Pertinência temática significa que a dúvida deve guardar relação com a esfera de atribuições do consulente quando o Regimento assim exige.

O ponto de literalidade é importante: o Regimento usa “sempre que possível” para o parecer. A página oficial do e-Consulta orienta o consulente a consultar previamente a base de prejulgados e a juntar parecer técnico ou jurídico. Essa orientação ajuda a formular a consulta, mas não transforma a pesquisa prévia em requisito regimental autônomo nem elimina a expressão “sempre que possível”.

8.3. Caso concreto e tese

O Relator ou o Tribunal não conhece consulta que deixe de atender aos requisitos ou que verse sobre caso concreto. A consulta deve permitir resposta em tese.

Por isso, se uma questão descreve gestor, contrato e fatos específicos e pede que o Tribunal declare desde logo se houve irregularidade, o instrumento não funciona como consulta normativa.

9. Prejulgado: a tese vem antes do caso

A decisão proferida em consulta tem caráter normativo e constitui prejulgamento da tese, mas não do fato ou caso concreto.

Esse efeito explica o funcionamento da base de prejulgados: uma tese já fixada pode orientar consultas posteriores sem transformar a resposta abstrata em julgamento antecipado de responsabilidade individual.

Se o objeto da nova consulta se limitar a dúvida já respondida pelo Tribunal, a unidade técnica encaminha ao consulente cópia do ato decisório que contém a tese vigente, registra o fato por despacho e encaminha os autos ao arquivo.
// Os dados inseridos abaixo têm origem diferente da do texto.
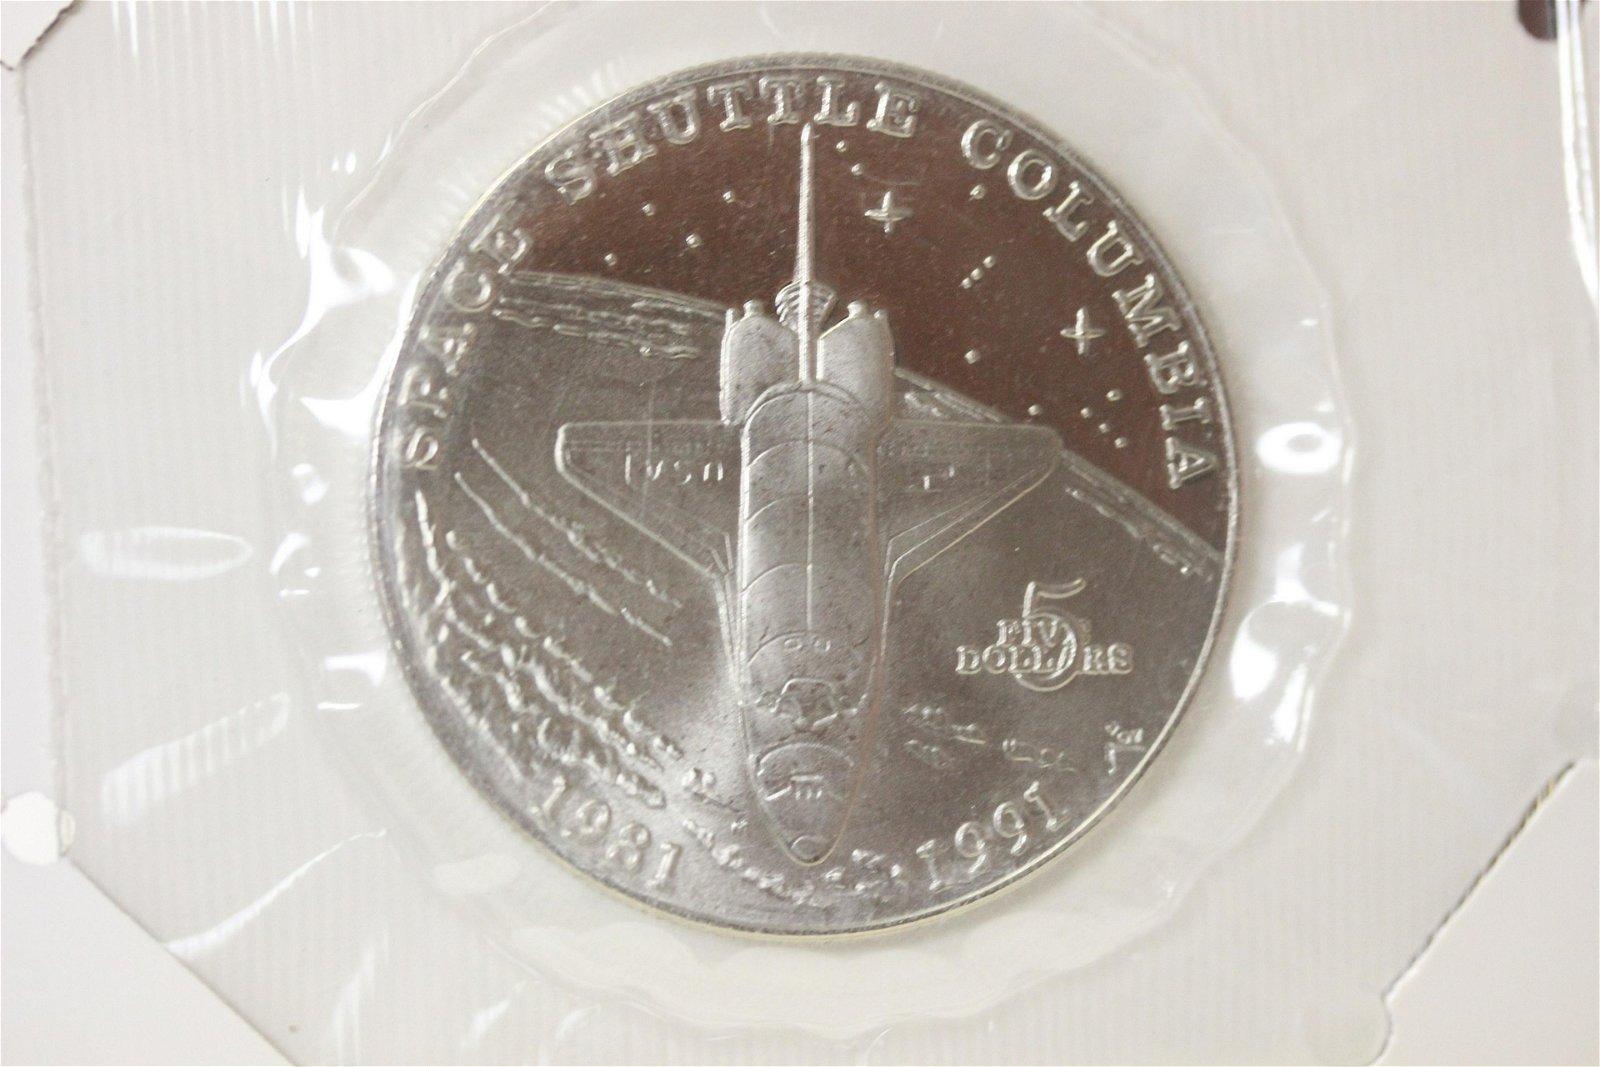 Marshall Island $5.00 Commemorative Coin

Se a própria unidade técnica entender que a tese vigente precisa ser reformada ou revogada por atualização da ordem jurídica, instrui o processo para nova apreciação pelo Plenário.

A relação pode ser visualizada assim:

consulta em tese → decisão normativa → prejulgado da tese → aplicação futura conforme o caso concreto.
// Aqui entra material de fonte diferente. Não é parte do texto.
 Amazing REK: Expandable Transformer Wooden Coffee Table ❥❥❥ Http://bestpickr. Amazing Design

10. Como reconhecer o instrumento na questão

Quando a banca apresentar um enunciado, faça três perguntas na ordem:

  1. Há um possível fato irregular a apurar ou uma dúvida normativa abstrata?
    • fato irregular → denúncia ou representação;
    • dúvida normativa → consulta.
  2. Quem provoca o Tribunal?
    • cidadão, partido, associação ou sindicato → denúncia;
    • legitimado específico → representação;
    • autoridade do art. 269 → consulta.
  3. Qual etapa está sendo descrita?
    • requisitos formais → triagem;
    • registro na classe processual → autuação;
    • priorização por RROM e GUT → seletividade;
    • produção e análise de elementos para decidir → instrução.
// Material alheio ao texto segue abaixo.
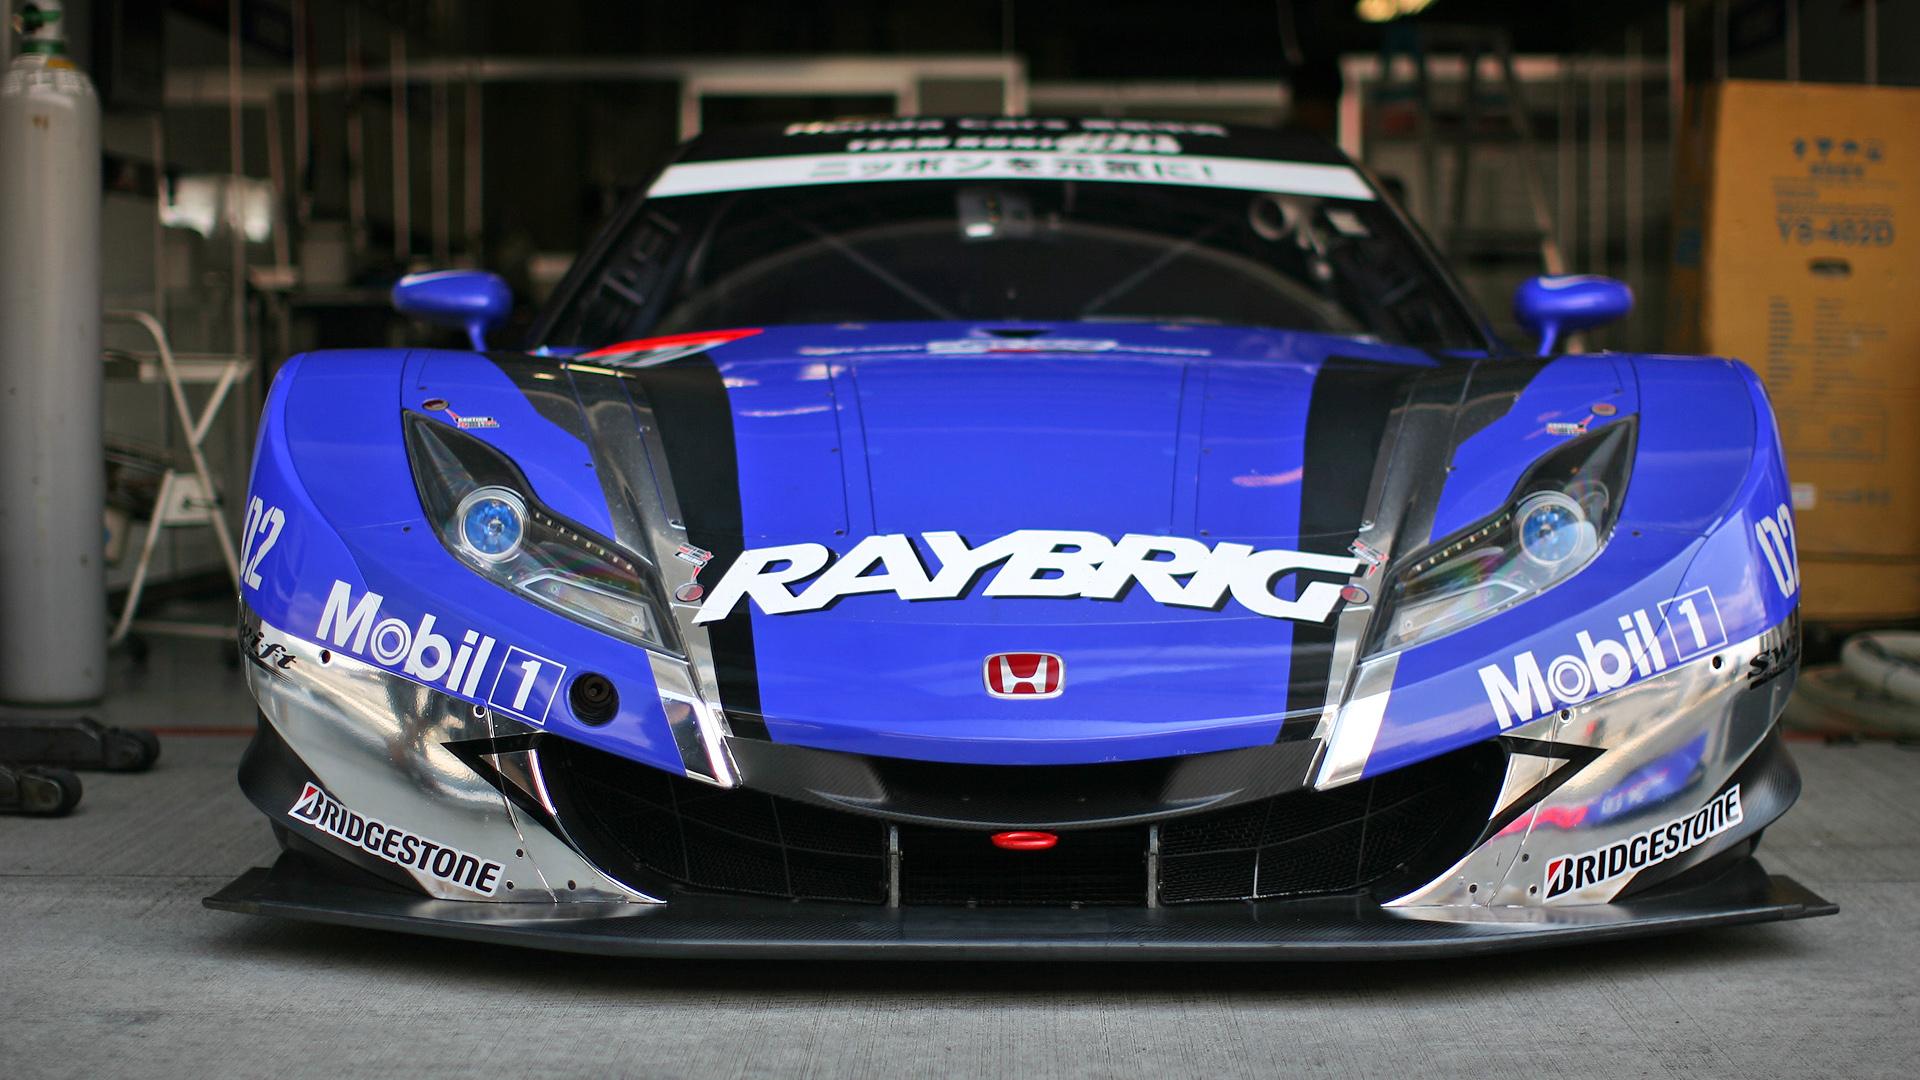 raybrig hsv super gt wallpaper hd car

Essa ordem evita confundir admissibilidade, prioridade e mérito.

11. Síntese de contrastes que exigem precisão

Confusão possívelDistinção correta
denúncia × representaçãoobjeto pode ser semelhante; legitimidade é diferente
sigilo × anonimatosigilo protege identidade conhecida; anonimato não satisfaz, por si só, a qualificação formal
comunicação de irregularidade × processo autuadoa primeira pode alimentar fiscalização e, se surgirem os elementos exigidos, originar representação da unidade técnica
triagem × seletividadetriagem verifica requisitos; seletividade prioriza
seletividade × méritopriorizar não é julgar procedência nem responsabilidade
proposta de arquivamento × improcedênciaa primeira pode resultar da seletividade e ainda passa pelo fluxo decisório próprio; não equivale a julgamento do mérito
RROM × GUTRROM vem primeiro; GUT só é aplicado após o mínimo
consulta × caso concretoconsulta responde tese normativa; não antecipa julgamento factual
prejulgado × julgamento do fatoprejulgado fixa a tese nos termos regimentais; não prejulga o fato ou caso concreto

12. Corte normativo e fronteiras

O recorte considera o Regimento Interno vigente na publicação do edital, em 6 de julho de 2026, e a Resolução TCE/MA nº 437/2026, publicada em 30 de março de 2026.

Garantias processuais gerais, produção de provas e contagem de prazos pertencem ao Assunto 060. Decisões, débitos, sanções e execução ficam no 061; recursos e revisão, no 062; atos normativos, ética e regras finais, no 063. Aqui foram mantidas apenas as pontes indispensáveis para entender o fluxo de denúncia, representação e consulta.